Добавить в цитаты Настройки чтения

Страница 45 из 73



Компьютер тоже был богатый, но им явно никто не пользовался. В меню не было ничего, кроме базовой программы. «Не твое дело, – сказал себе Малахов. – У твоей жены в шкафу стоит новехонький кухонный комбайн, и что? Режет все по старинке, вручную, говорит, что так вкуснее, а на самом деле просто привыкла…»

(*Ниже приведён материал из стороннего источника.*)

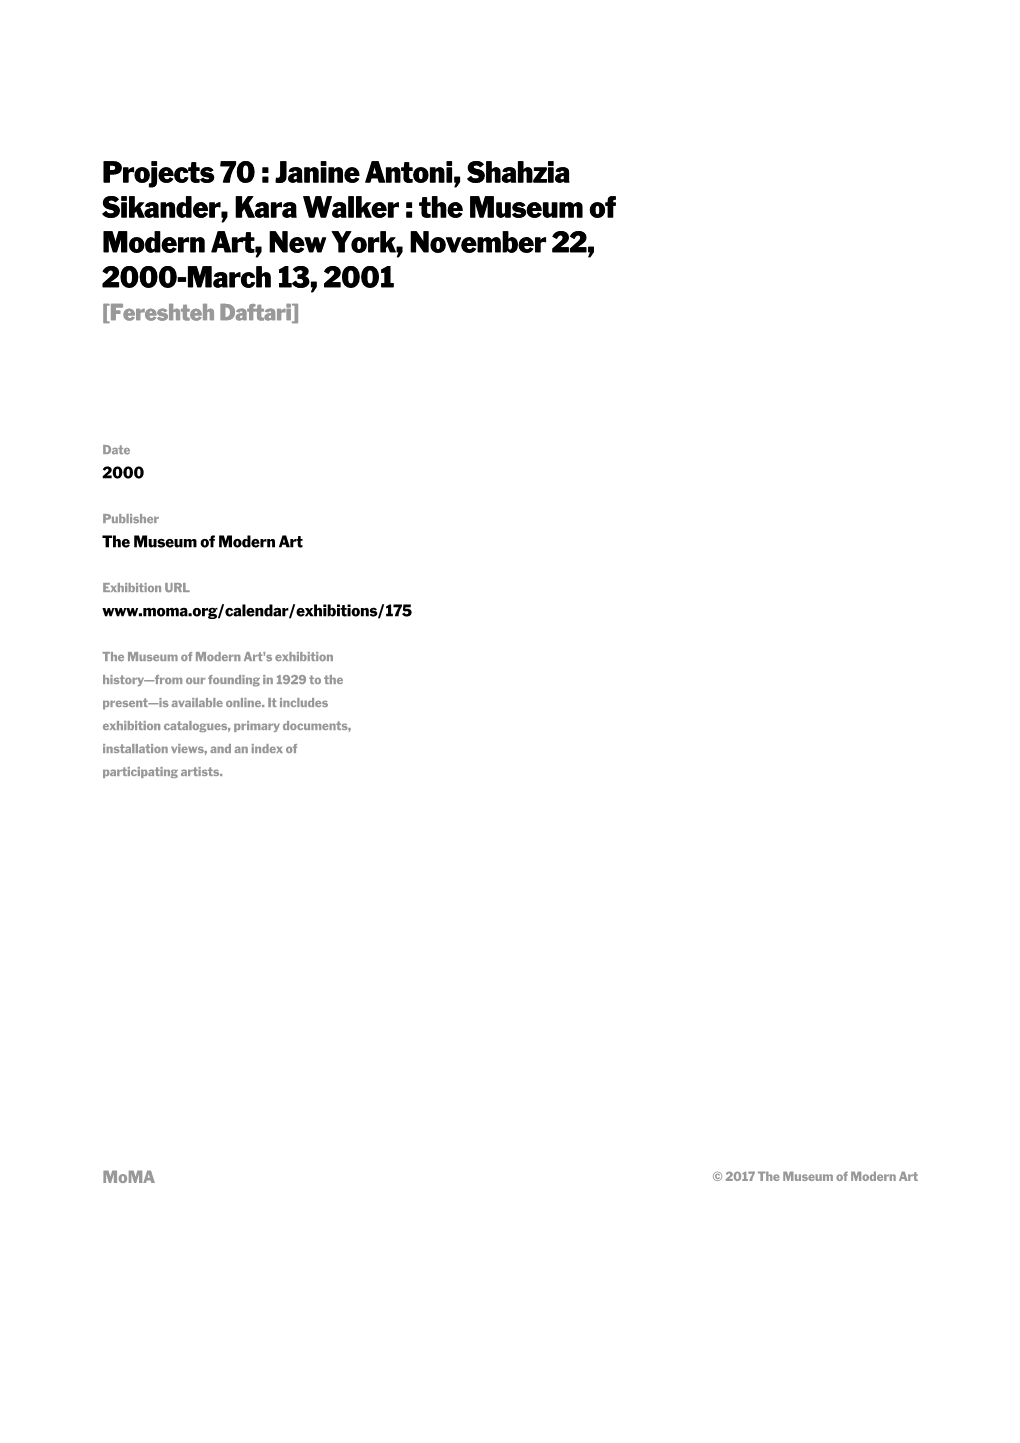 Projects 70 : Janine Antoni, Shahzia Sikander, Kara Walker : the Museum of Modern Art, New York, November 22, 2000-March 13, 2001 [Fereshteh Daftari]
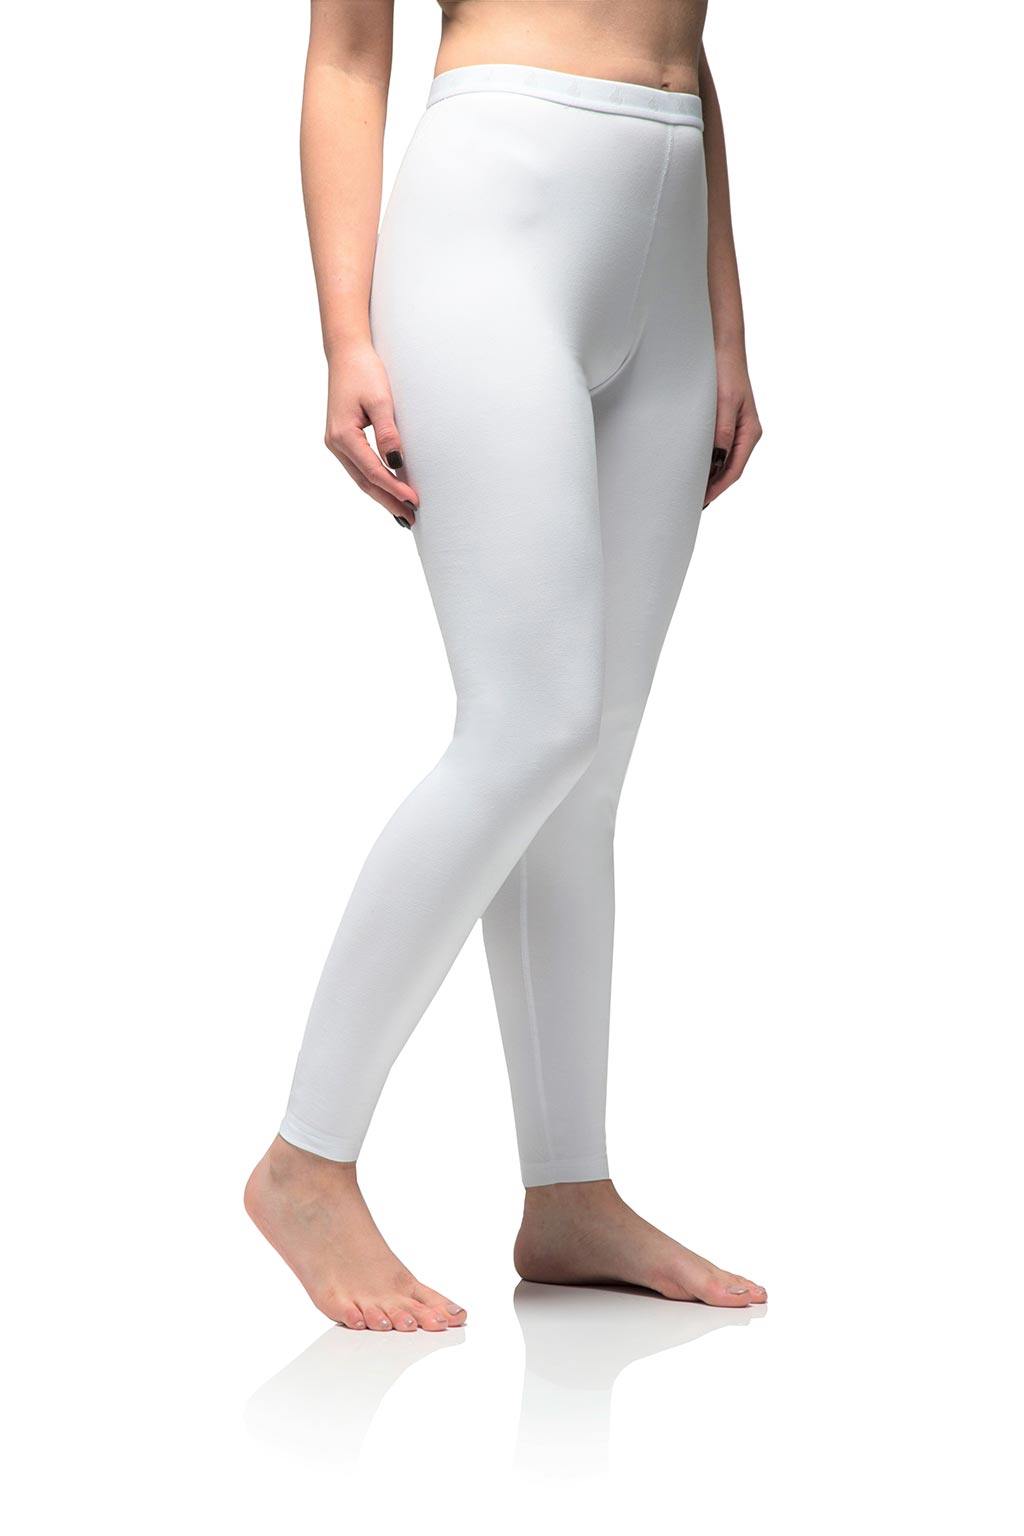 Buy Wearslim Premium Thermal Warmer Bottom Pant for Women Ultra

Дискета с тихим щелчком вошла в приемную щель дисковода. Жужа положил на колено Малахову свою умную морду с лопушастыми некупированными ушами. Алена тихо подошла из-за спины и поставила у локтя полковника чашку с дымящимся кофе. Малахов кивком поблагодарил, про себя прикидывая, как бы поделикатнее намекнуть ей, что ее присутствие в комнате, мягко говоря, нежелательно, но девчонка была не только красива, но и очень неглупа. Не создавая никакого напряга и ничего не говоря, ушла в соседнюю комнату и включила телевизор.

– Можете курить, – крикнула она оттуда.

– Спасибо! – крикнул в ответ полковник, закурил, отхлебнул кофе и вошел в файл.

Водку он выпил, но футбол пропал. Он так ничего и не разглядел, хотя старательнейшим образом битых два часа пялился в телевизор, с регулярностью автомата наполняя и опустошая свою рюмку. Под это дело он съел НЗ Маргариты Викентьевны – полпалки салями и банку крабов, не ощутив никакого вкуса, словно пластилин жевал. Водка тоже не оказывала на него своего обычного воздействия, он оставался трезвым, только как бы оглушенным, словно целый день мчался на мотоцикле без ветрового щитка с бешеной скоростью, глотая ветер, и теперь весь этот проглоченный им за день ветер смерчем вертелся внутри. Он знал, что причиной тому вовсе не водка, а просмотренная только что дискета.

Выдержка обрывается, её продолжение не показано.